The city-owned port turned 50 last year. The Anchorage Daily News reported the municipality for more than a decade has worked to replace and expand it.

The port’s dock is on corroded piles that are expensive to maintain. Workers in 2009 began hammering steel replacement piles into the seabed to form a new dock but the piles bent and jammed together. The port project was supposed to be finished by 2011 but is years behind schedule and hundreds of millions of dollars over budget. The project in 2005 was estimated to cost $350 million. That has tripled to more than $1 billion.

The municipality at the end of May will assume responsibility for the project, taking over from the federal Maritime Administration.

The city agreed in 2003 to let the Maritime Administration take the lead on the project. The agency hired Integrated Concepts and Research Corp. to oversee construction. An extension of the federal government’s contract with ICRC ends May 31.

The engineering firm CH2M Hill is conducting an independent study of the design under a contract with the Army Corps of Engineers.
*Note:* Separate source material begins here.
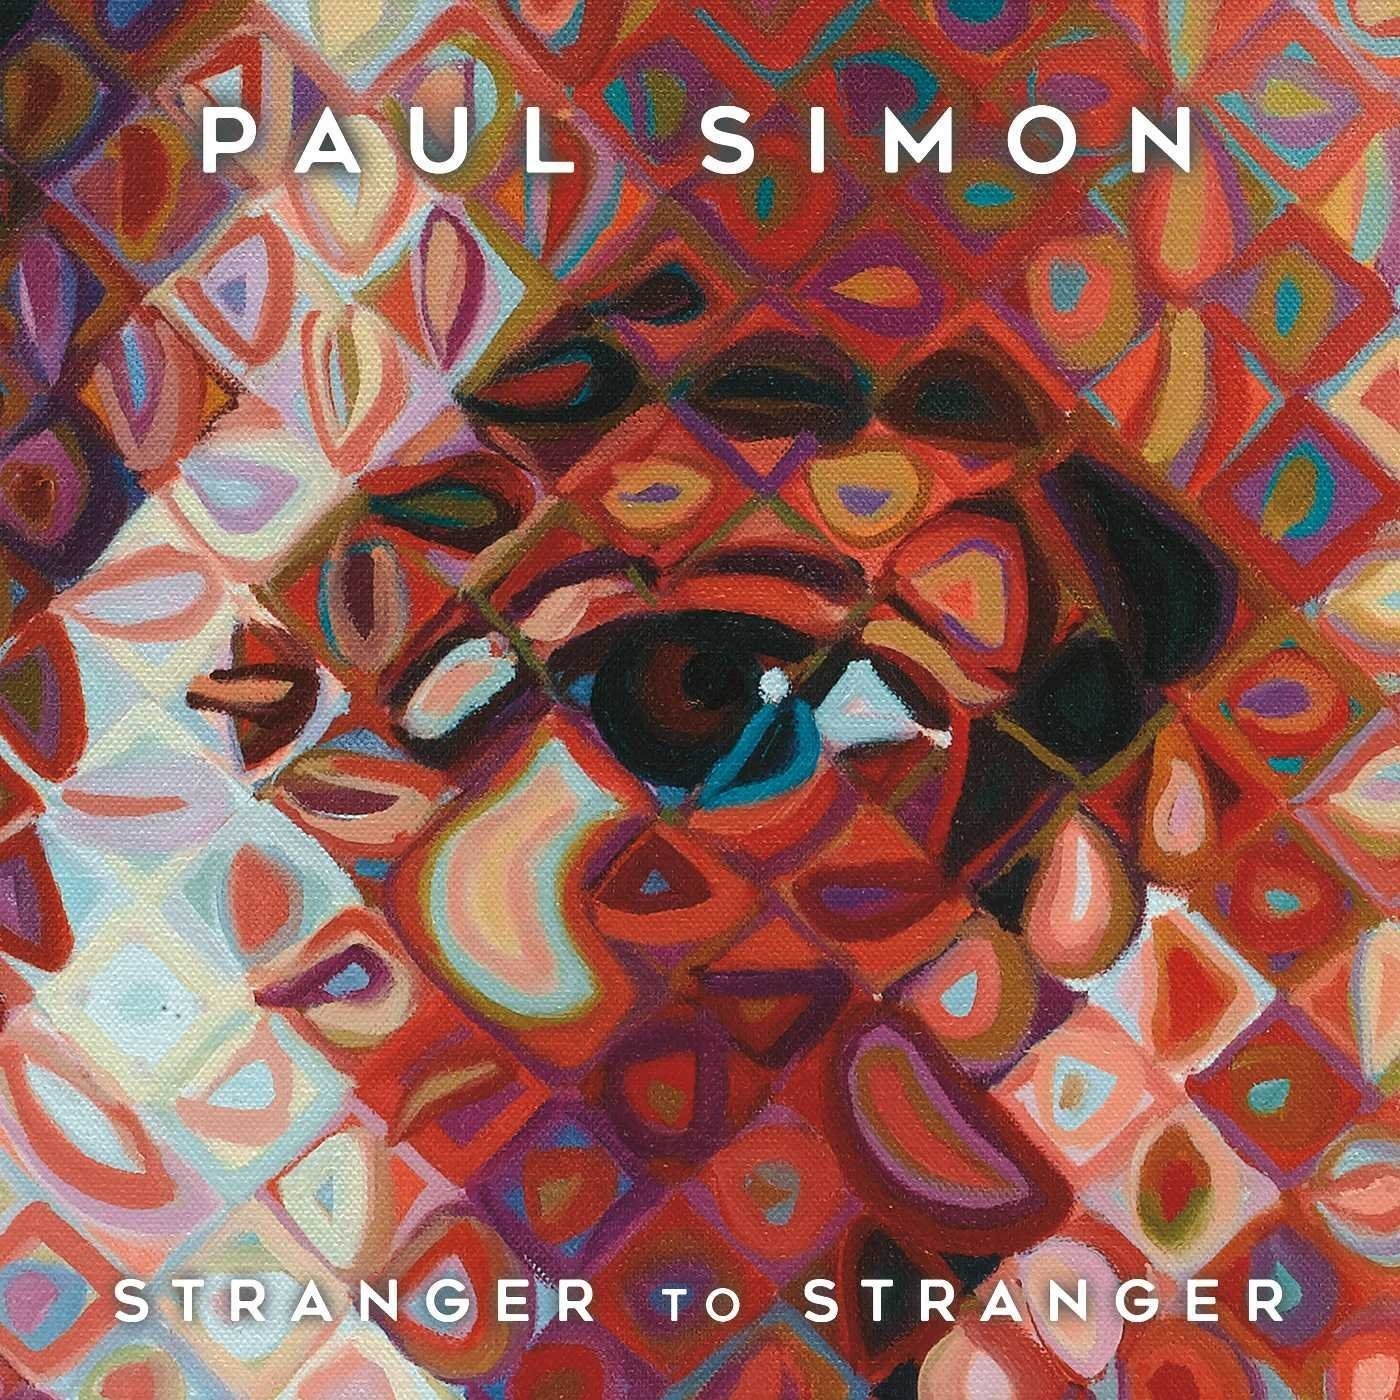 Paul Simon – Stranger To Stranger {Deluxe Edition} (2016) [HDTracks FLAC 24bit/96kHz]

It’s expected to be completed by July or August, according to the Corps.

The Corps is conducting its own companion study and another engineering firm, AECOM, is conducting a root cause analysis of what went wrong.

Also, U.S. Department of Transportation inspector general is auditing the Maritime Administration’s work.

“Before we commit to doing anything more we want to know what those studies say because the likelihood is very high that information will need to inform us to the degree we step ahead smartly,” Ribuffo said.

The studies may conclude that there’s a need to modify the design, he said.

The Alaska Legislature this year approved $48.5 million for the port and included $50 million in a bond package that will go before voters in November. Some of that probably will be spent on new design work, Ribuffo said.